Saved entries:

====================

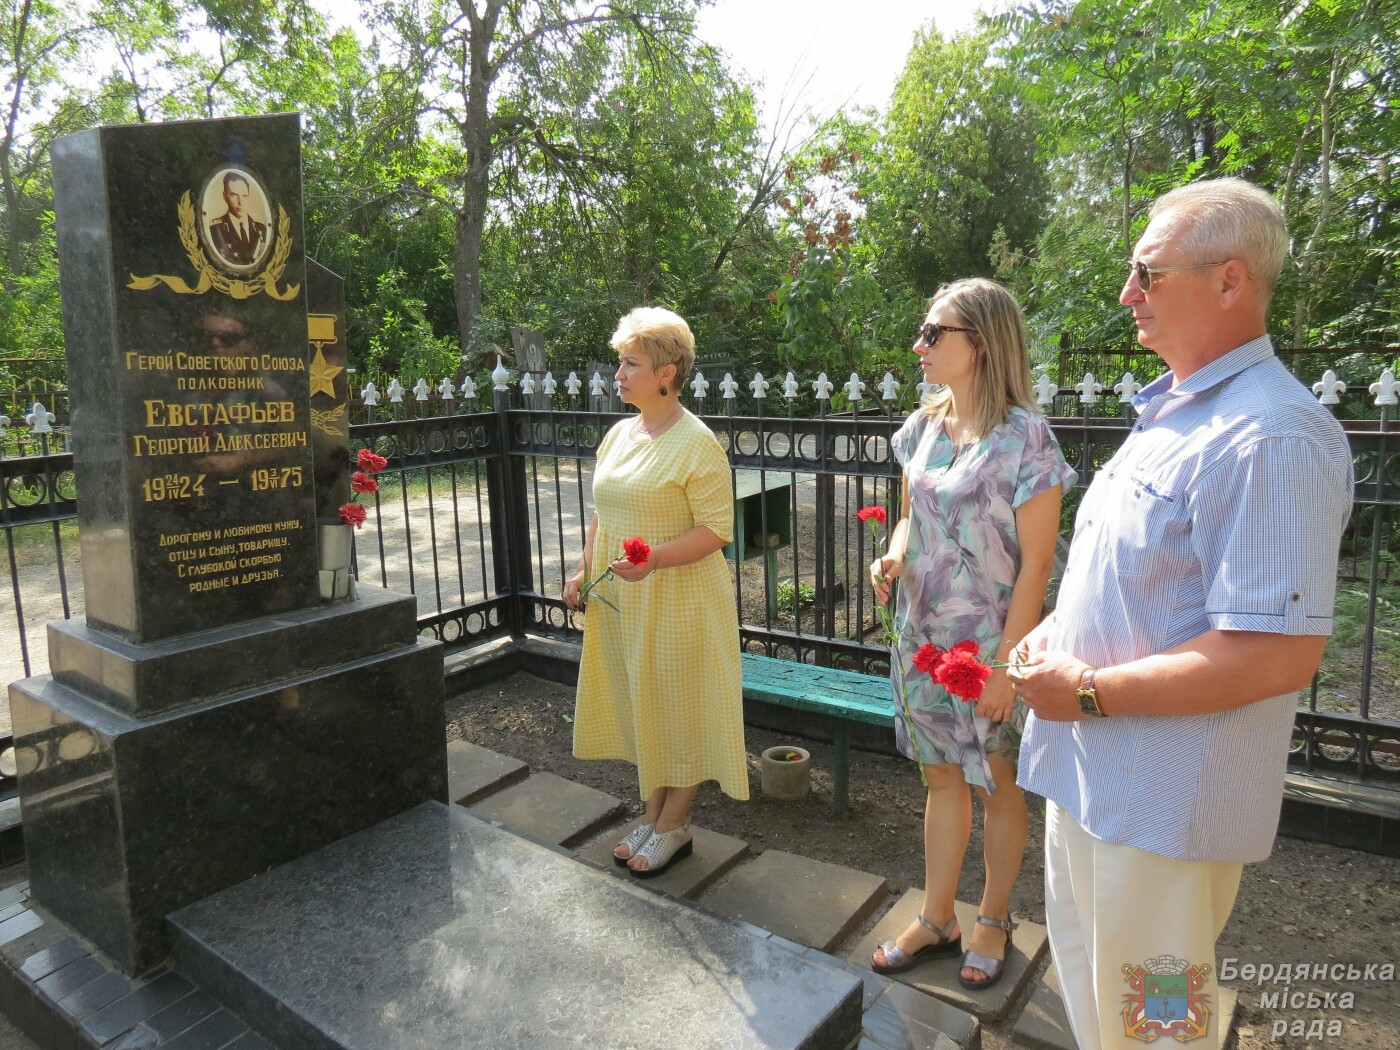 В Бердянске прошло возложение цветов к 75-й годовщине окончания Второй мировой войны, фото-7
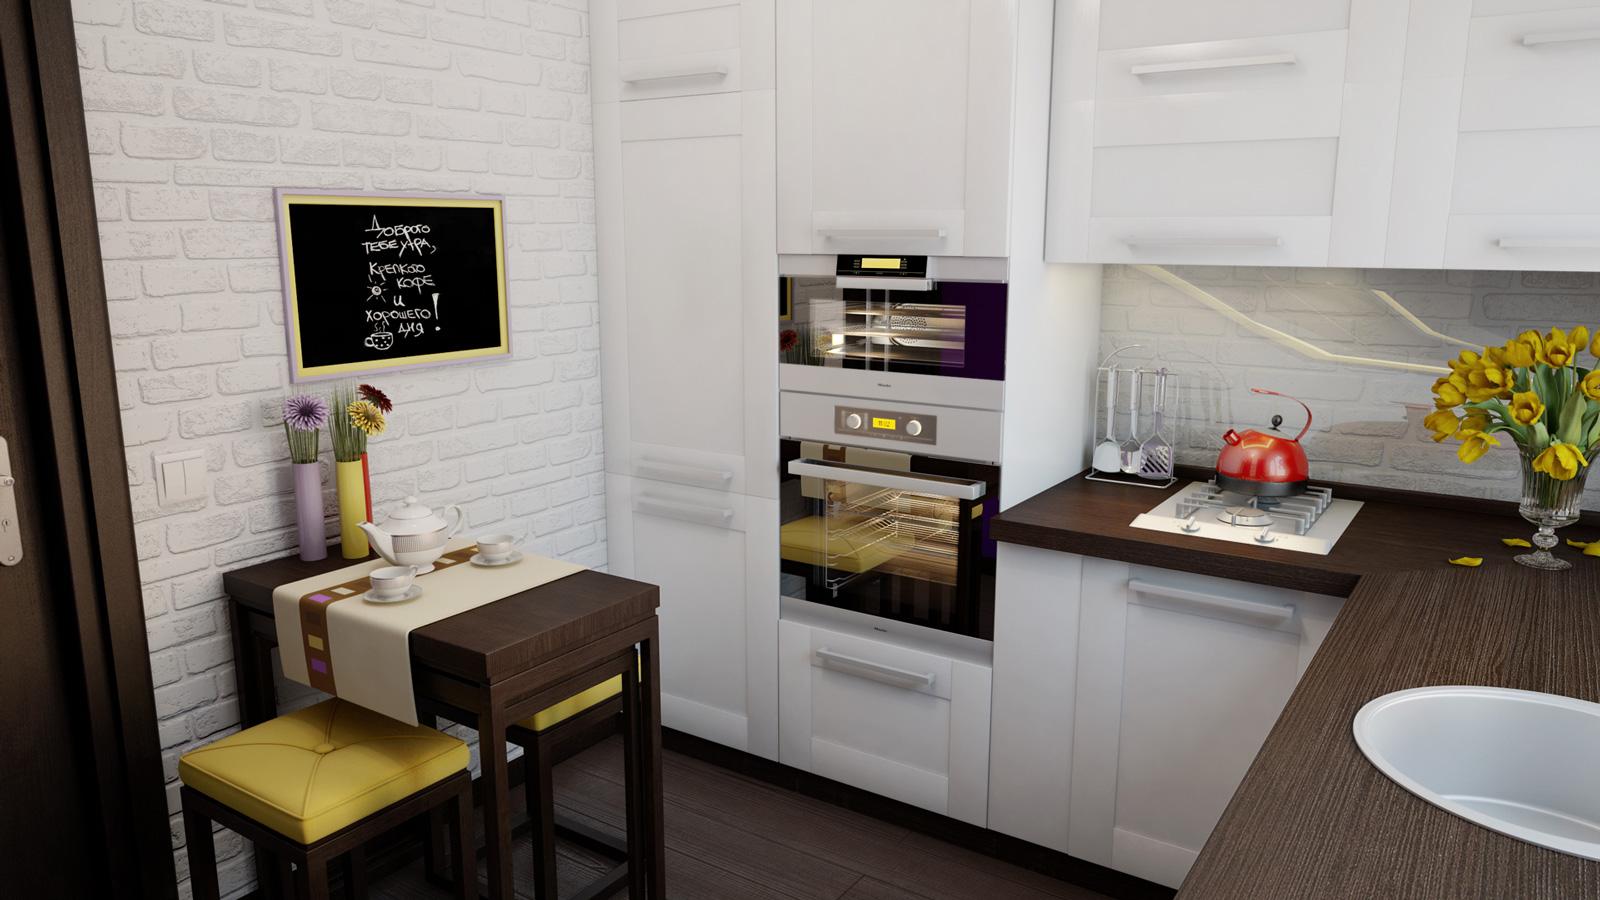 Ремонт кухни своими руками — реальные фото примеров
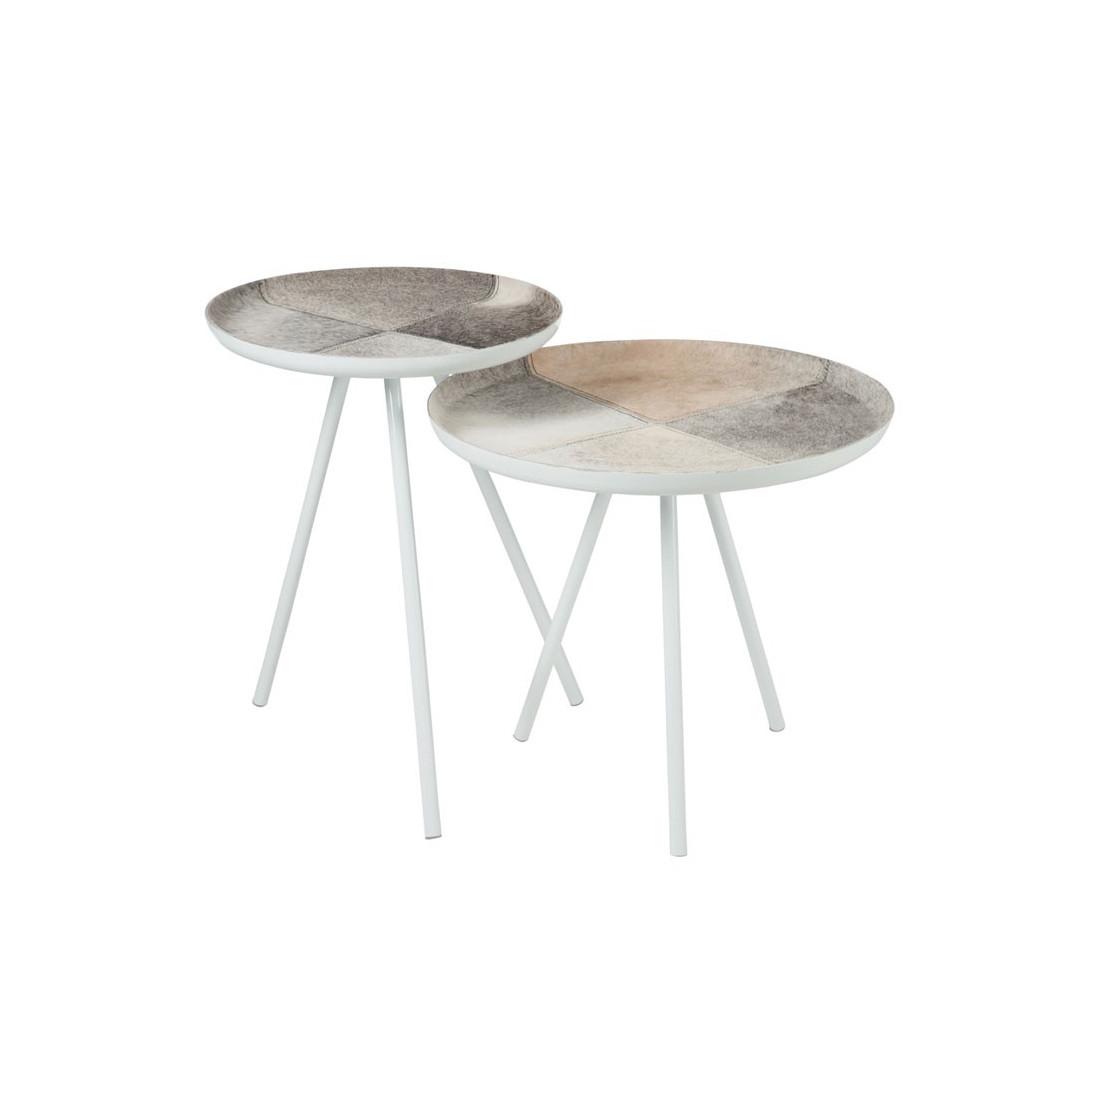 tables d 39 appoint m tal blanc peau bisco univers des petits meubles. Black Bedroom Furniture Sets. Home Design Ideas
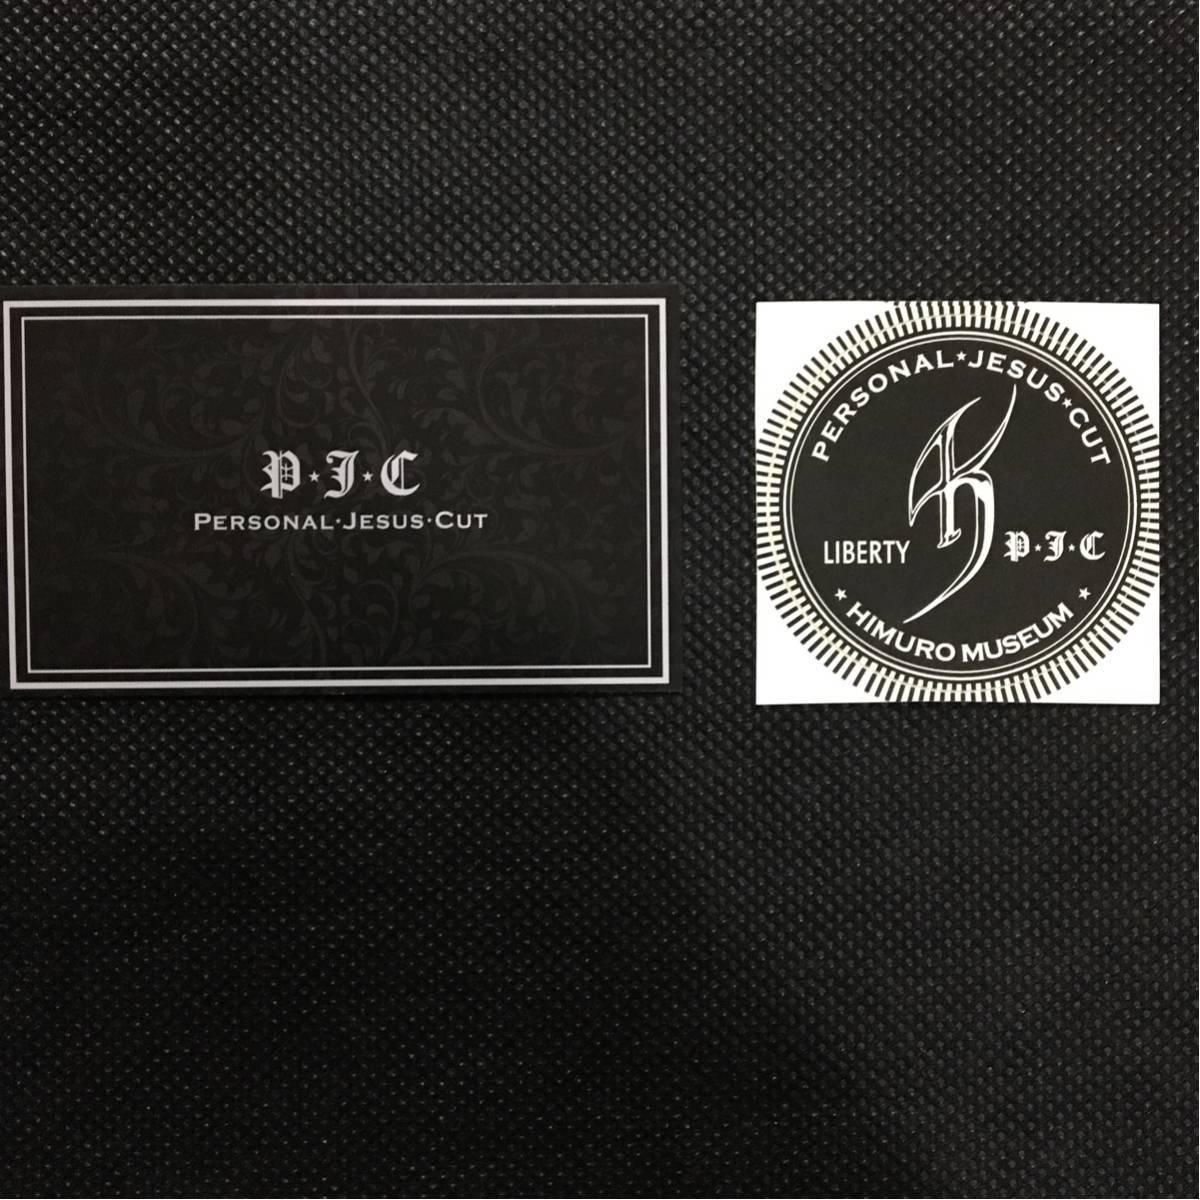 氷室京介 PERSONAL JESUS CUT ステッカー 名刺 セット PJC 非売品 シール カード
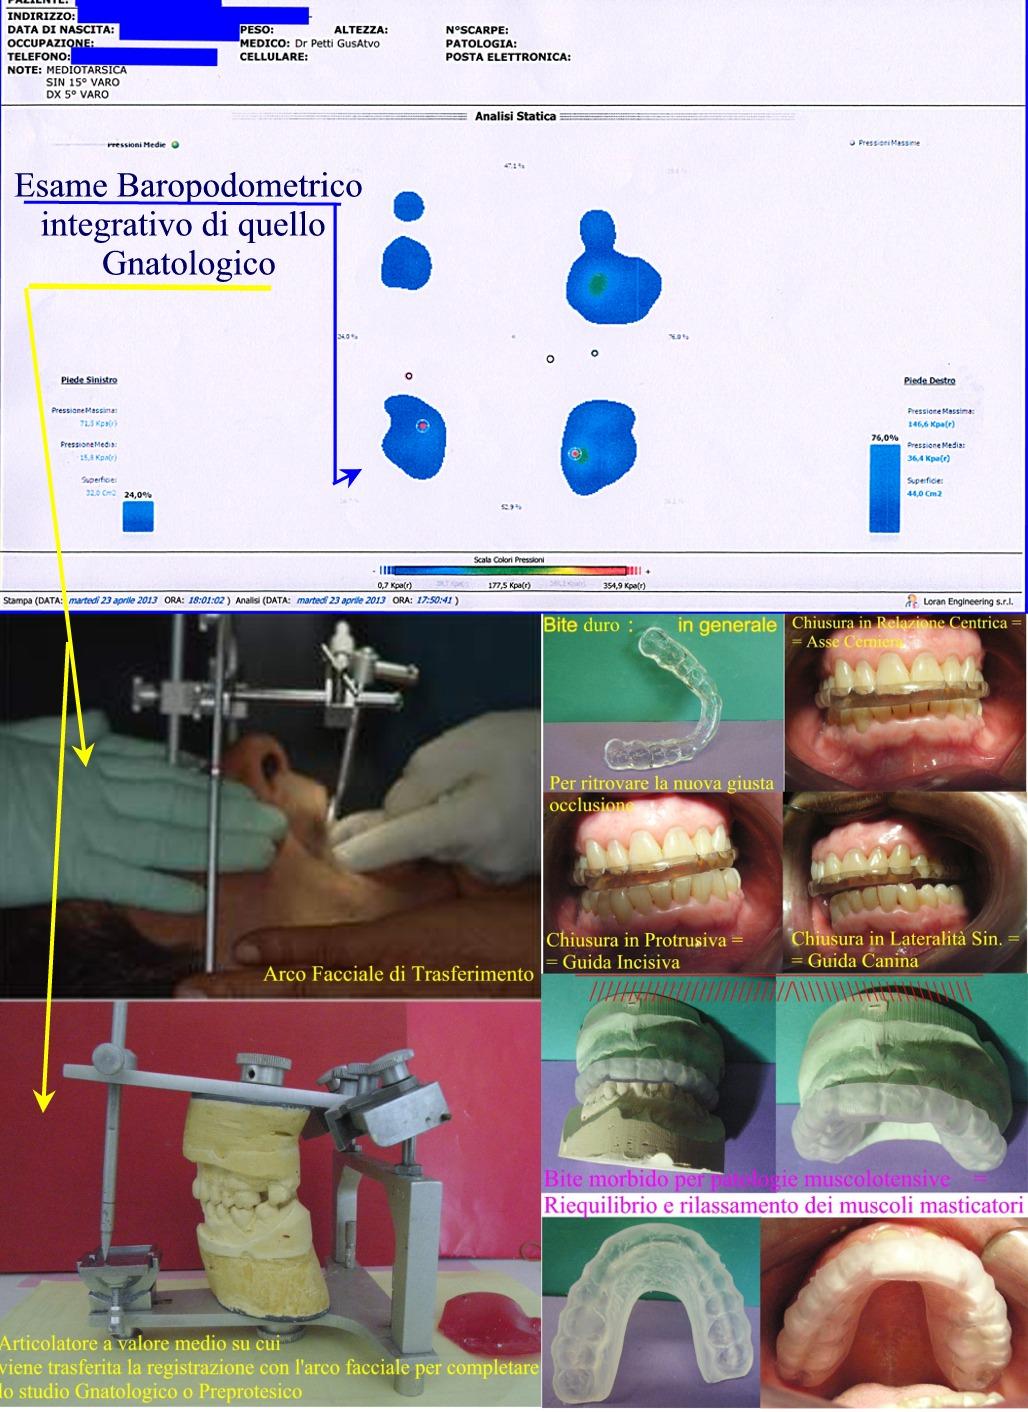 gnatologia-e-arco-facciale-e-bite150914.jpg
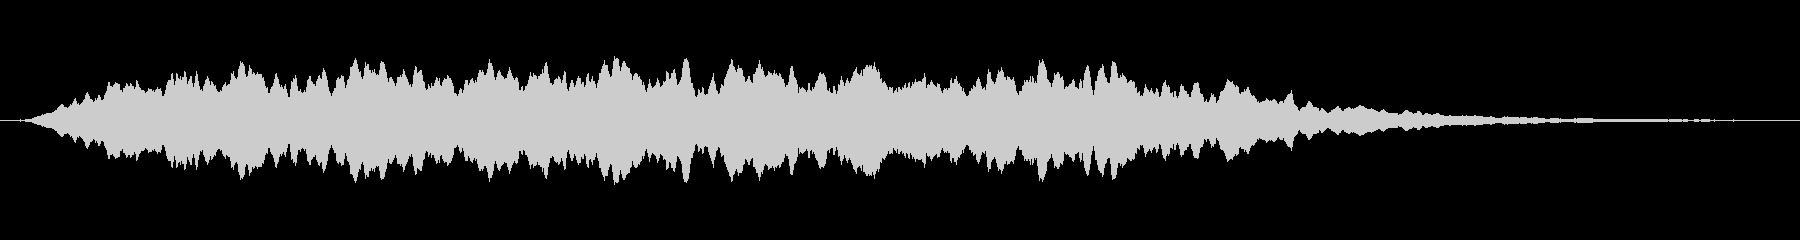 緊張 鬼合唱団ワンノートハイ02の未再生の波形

====================

WHAT YOU SHOULD DO:
Transcribe exactly the lines from the one containing "Ремонт кухни своими" through the last line of the records above, and nothing else. Leave out the pictures.

FINISHED EXERCISE:
 Ремонт кухни своими руками — реальные фото примеров
 tables d 39 appoint m tal blanc peau bisco univers des petits meubles. Black Bedroom Furniture Sets. Home Design Ideas
 氷室京介 PERSONAL JESUS CUT ステッカー 名刺 セット PJC 非売品 シール カード
 gnatologia-e-arco-facciale-e-bite150914.jpg
 緊張 鬼合唱団ワンノートハイ02の未再生の波形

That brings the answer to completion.